Recommendations for imaging tumor response in neurofibromatosis clinical trials

Abstract

Objective: Neurofibromatosis (NF)-related benign tumors such as plexiform neurofibromas (PN) and vestibular schwannomas (VS) can cause substantial morbidity. Clinical trials directed at these tumors have become available. Due to differences in disease manifestations and the natural history of NF-related tumors, response criteria used for solid cancers (1-dimensional/RECIST [Response Evaluation Criteria in Solid Tumors] and bidimensional/World Health Organization) have limited applicability. No standardized response criteria for benign NF tumors exist. The goal of the Tumor Measurement Working Group of the REiNS (Response Evaluation in Neurofibromatosis and Schwannomatosis) committee is to propose consensus guidelines for the evaluation of imaging response in clinical trials for NF tumors.

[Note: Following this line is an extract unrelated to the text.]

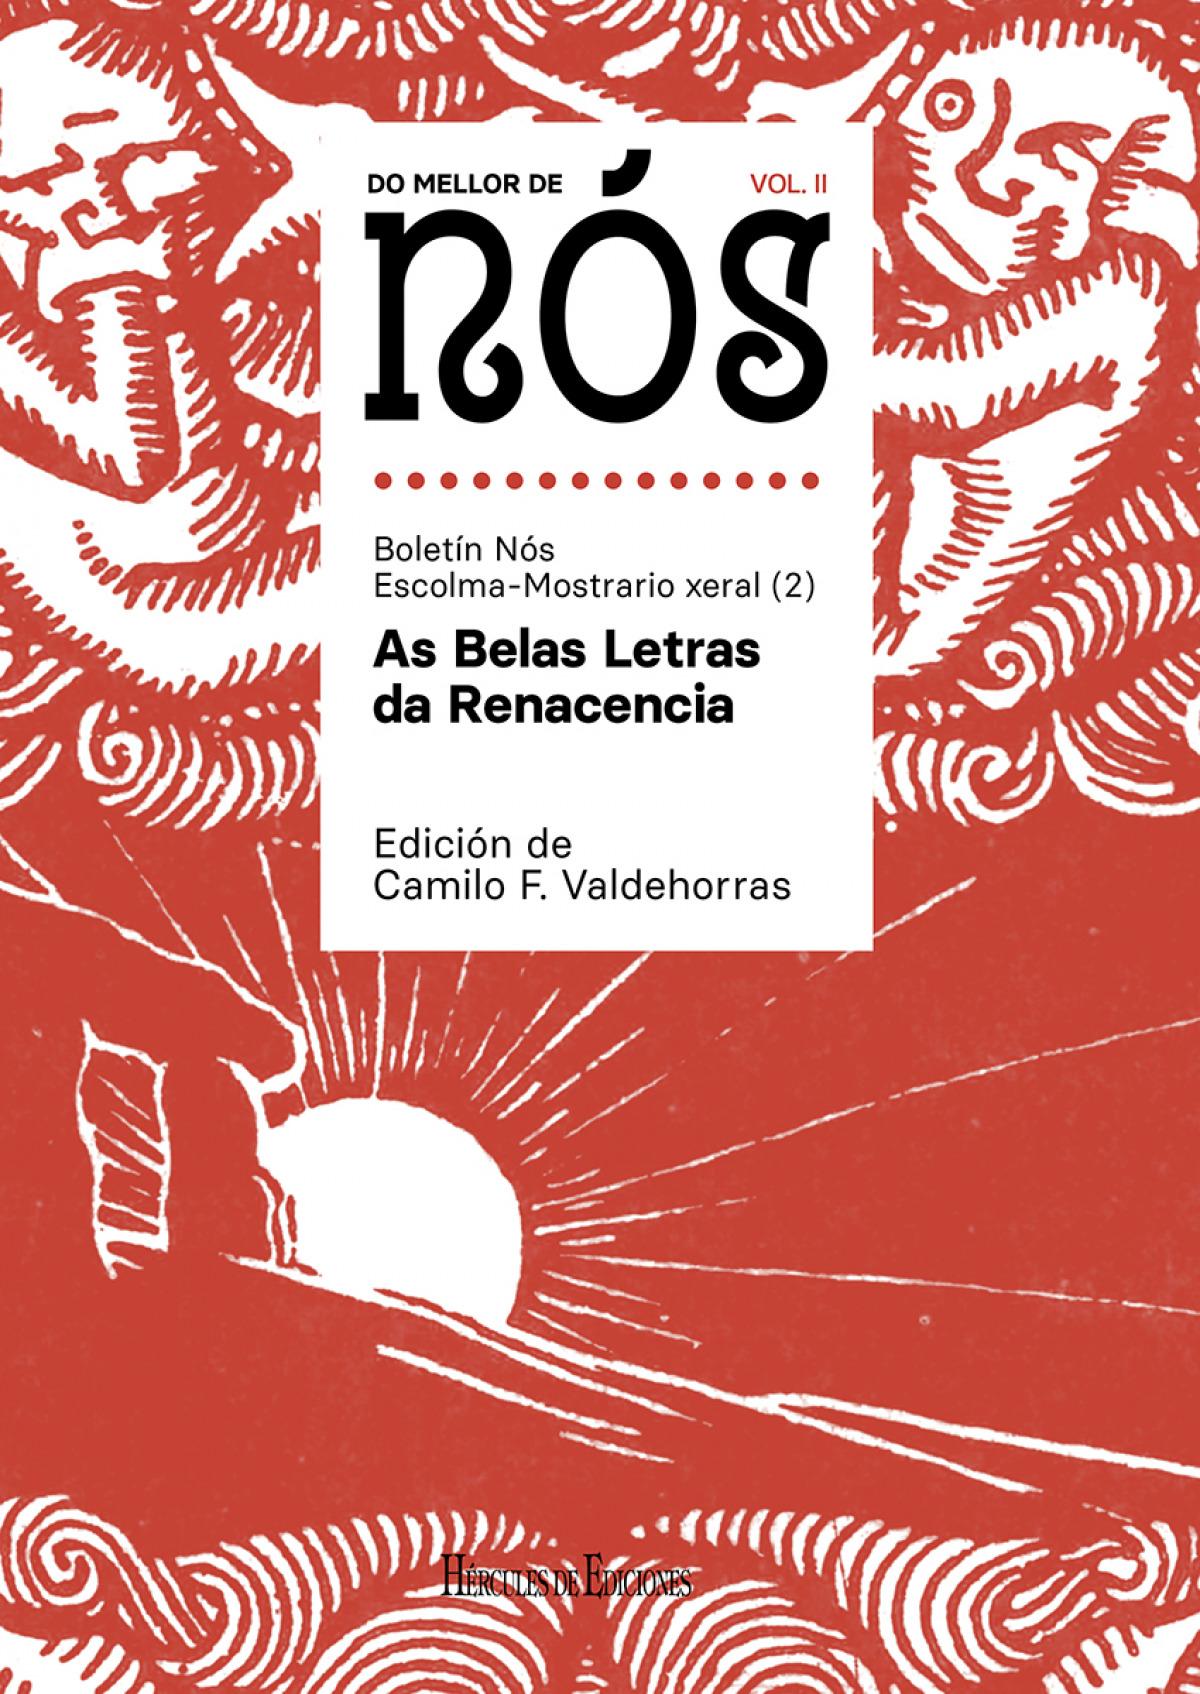 Do mellor de Nós II. Escolma-Mostrario xeral do Boletín Nós (vol. 2): As Belas Letras da Renacencia

Methods: Currently used imaging endpoints, designs of NF clinical trials, and knowledge of the natural history of NF-related tumors, in particular PN and VS, were reviewed. Consensus recommendations for response evaluation for future studies were developed based on this review and the expertise of group members.

Results: MRI with volumetric analysis is recommended to sensitively and reproducibly evaluate changes in tumor size in clinical trials. Volumetric analysis requires adherence to specific imaging recommendations. A 20% volume change was chosen to indicate a decrease or increase in tumor size. Use of these criteria in future trials will enable meaningful comparison of results across studies.

Conclusions: The proposed imaging response evaluation guidelines, along with validated clinical outcome measures, will maximize the ability to identify potentially active agents for patients with NF and benign tumors.

Figures

Figure 1. Comparison of measurement sensitivity to detect change in tumor size

Axial short TI inversion recovery MRI images show a large paraspinal, abdominal, and pelvic plexiform neurofibroma at 3 time points (top to bottom: baseline, 12 months, 27 months) measured by 3 methods (left to right: 1D/RECIST, 2D/WHO, 3D/volumetric criteria). Progressive disease was detected after 27 months by RECIST criteria, after 12 months by WHO criteria, and after 6 months by the proposed volumetric criteria (20% volume increase, not shown). At the time of 2D progression, the volume increase was 57%, and by the time of 1D progression, the volume had more than doubled. RECIST = Response Evaluation Criteria in Solid Tumors; WHO = World Health Organization.

Figure 2. Examples of PN volume change over time

Small incremental changes are demonstrated in a complex large abdominal and flank plexiform neurofibroma (PN) with consistent upward trend through several investigational treatments (A). Extended disease stabilization of a back PN in a patient receiving peginterferon alfa-2b (B). PN growth accelerated upon discontinuation of treatment and slowed again when the patient restarted peginterferon alfa-2b. While in most cases PN growth is linear over extended periods, some measurement variation is not uncommon, as demonstrated by the example of a large neck and chest PN (C). The first observer performed the volumetric analysis prospectively and a second observer repeated the analysis at the end of the observation period while blinded to the chronological order of the scans.

Figure 3. Considerations for the selection of target lesions for volumetric assessment

Volumetric analysis is only feasible on lesions with well-defined borders. The superficial flank plexiform neurofibroma (PN) shown on axial (A) and coronal (B) short TI inversion recovery MRI lacks tissue contrast (arrowheads) and it is not suitable for volume measurement. Edema within a tumor or surrounding tissue affects the lesion volume (C, D). Image C shows a facial PN 2 months after debulking surgery. The tumor volume gradually decreased over the next 10 months until the complete resolution of postsurgical changes (D). Metal in the imaging field results in image distortion on MRI (arrows), and the position of metal artifact may vary between scans (E, F).

Figure 4. Progression in target and nontarget lesions

The diffuse face and neck plexiform neurofibroma shown on axial short TI inversion recovery MRI has a well-circumscribed nodular component on the left side. The complete volume of the lesion increased from 1,870 mL at the first time point (A) to 2,015 mL (8% increase) at the second time point (B) to 2,283 mL (22% increase) on the final evaluation (C). Concurrently, the volume of the nodular component increased from 28.2 mL to 34.3 mL (22% increase) and then to 63.0 mL (84% increase). Determination of disease progression depends on whether the entire lesion or the nodular component is selected as the target lesion at trial entry.